In this study, NiTi and NiTi-XSiC (1 wt%, 2 wt%, and 4 wt%) powders were coated on the Ti6Al4V surface by the self-propagating high-temperature synthesis (SHS) method using induction heating. Optic microscope and a scanning electron microscope (SEM) for the microstructural properties of coatings, energy dispersive spectrometry (EDS) for element distribution analysis, and X-ray diffractogram (XRD) for phase component analysis were carried out. The microhardness difference between the coating and the substrate was assessed by using the Vickers hardness scale. The microhardness increased with the addition of SiC, and the highest hardness value was 1416 Hv and detected in the sample NiTi–SiC 4 wt%. Phases formed by diffusion during solidification in the compounds Ti, Al, NiTi, NiTi2, NiAl, Ni3Al, Al3Ti, and TiO2, respectively.

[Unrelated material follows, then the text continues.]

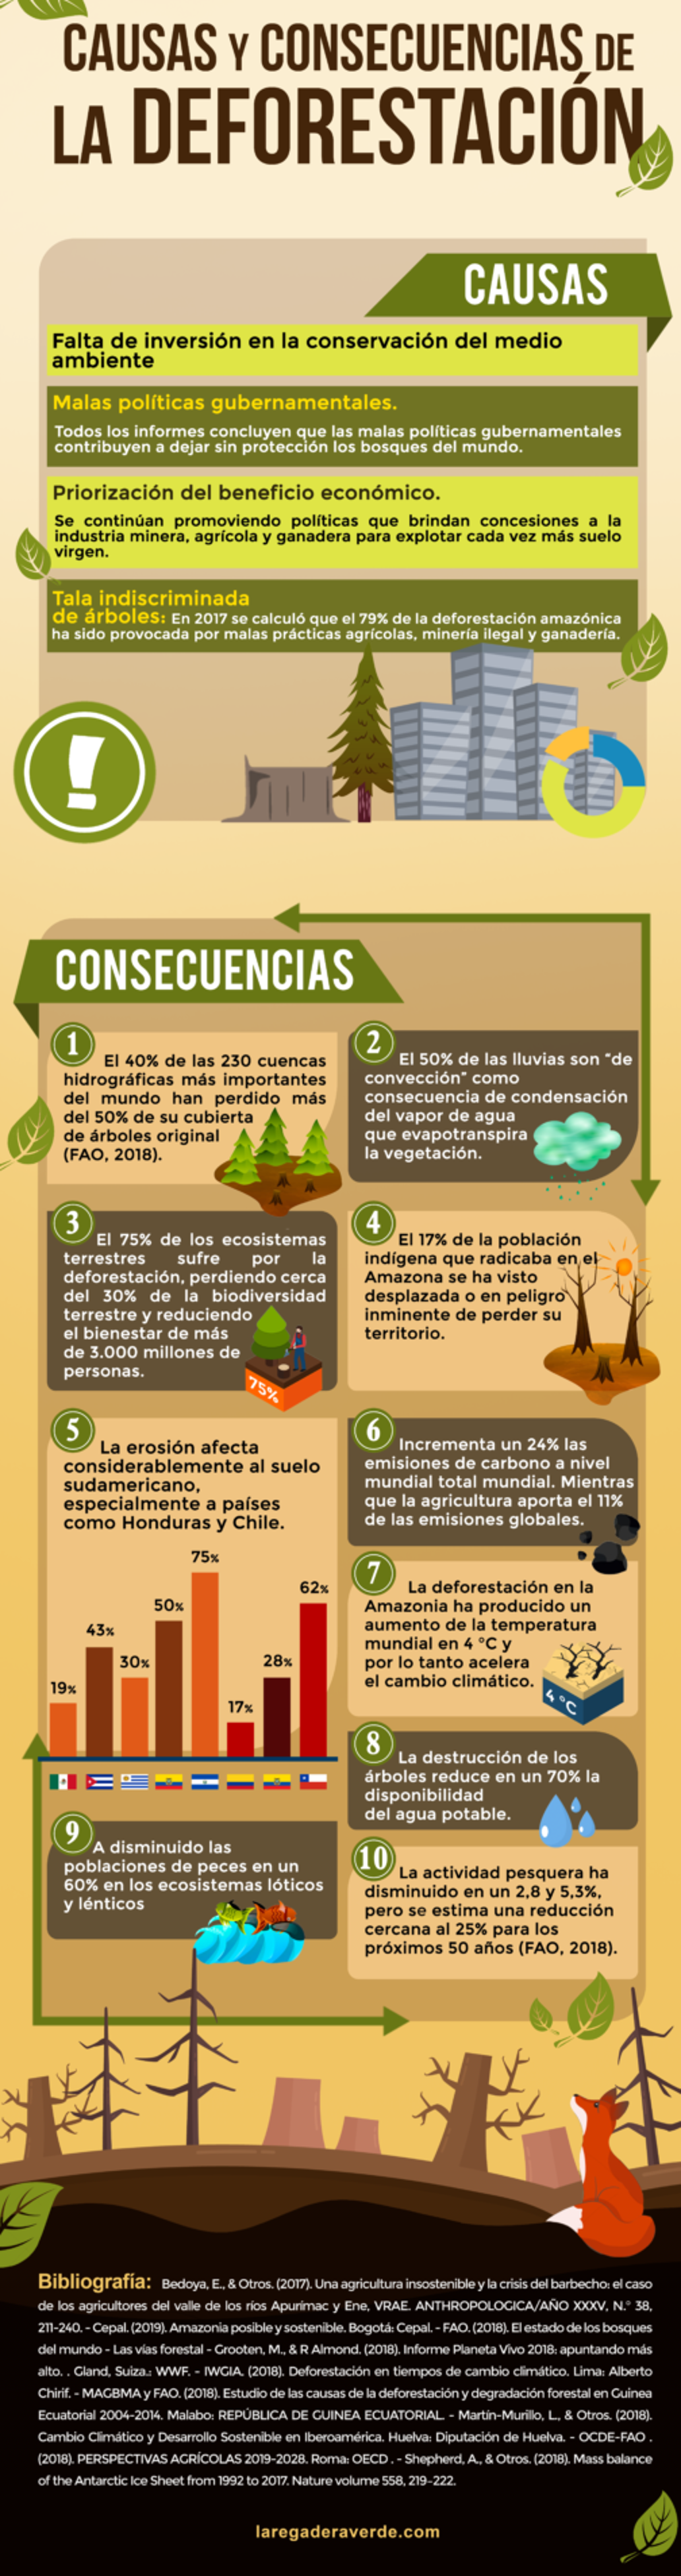 Deforestación, causas y consecuencias
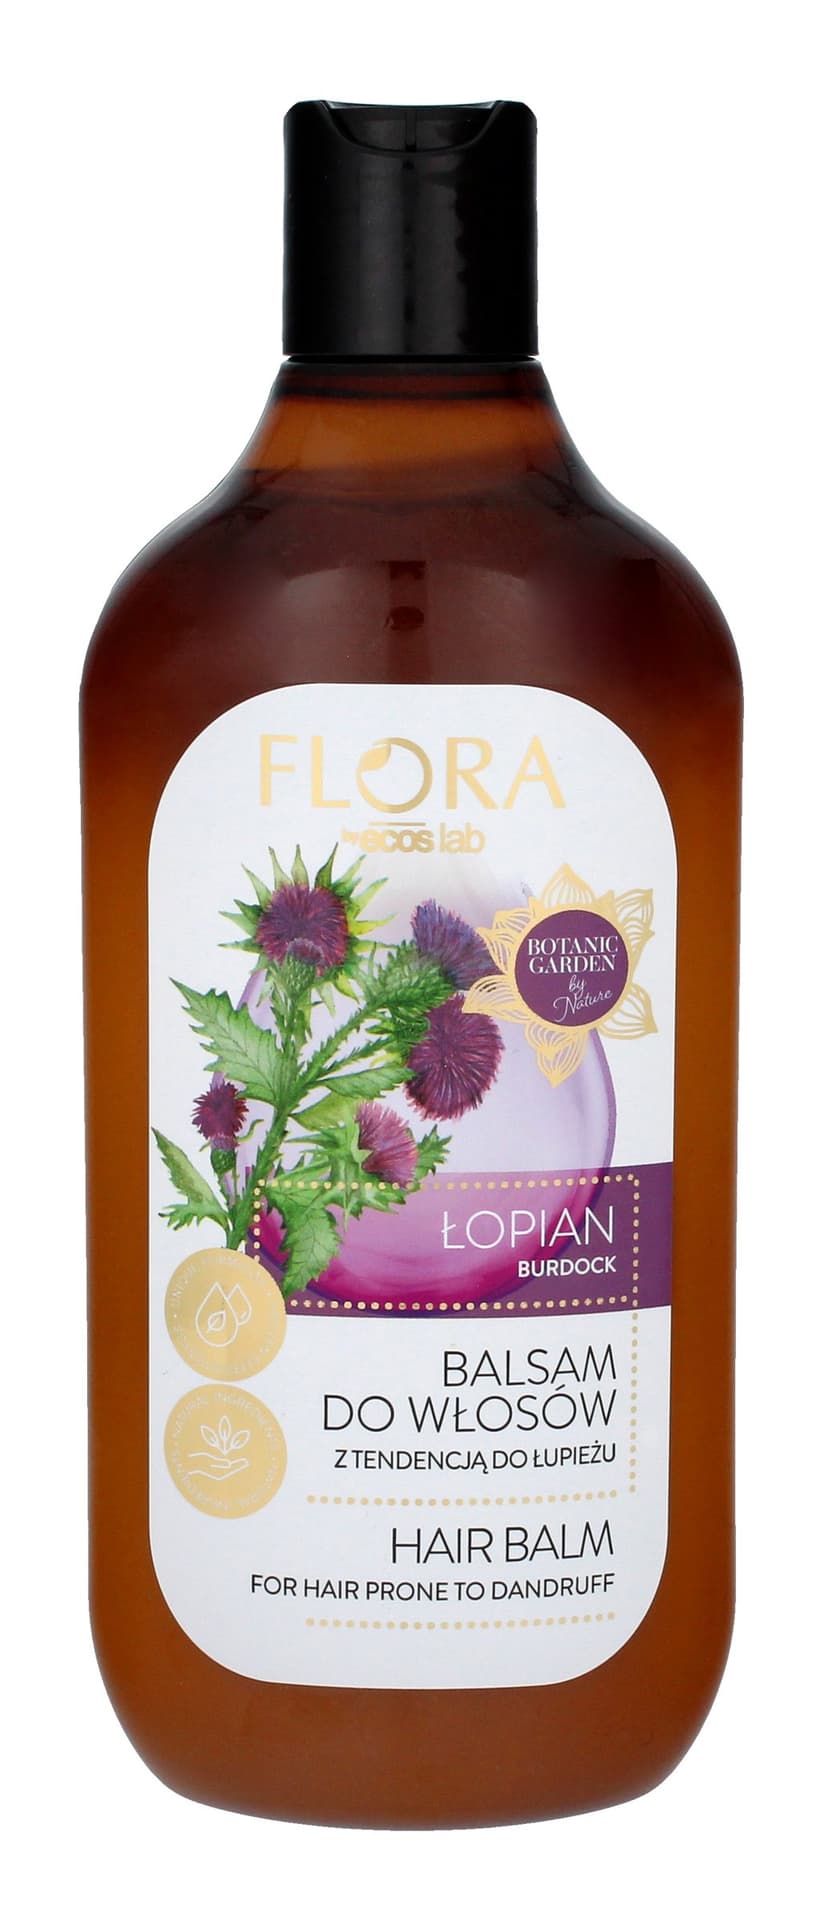 Zdjęcia - Szampon Ecos Lab Flora Balsam do włosów z tendencją do łupieżu - Łopian 500ml

Keywords: hardness; induction heating; NiTi; NiTi-XSiC; Ti6Al4V
Corresponding author: Anil Imak, Bingol University, Bingol, Turkey, E-mail:

About the author

Anil Imak

Anil Imak, born in 1988, completed his primary, secondary and high school education in Elazığ. 2007 won Fırat University, Faculty of Engineering, Mechanical Engineering Department and graduated in 2011. He is currently working as a research assistant at Bingöl University, Faculty of Engineering and Mechanical Engineering Department.

  1. Author contributions: The author has accepted responsibility for the entire content of this submitted manuscript and approved submission.

  2. Research funding: None declared.

  3. Conflict of interest statement: The author declares no conflicts of interest regarding this article.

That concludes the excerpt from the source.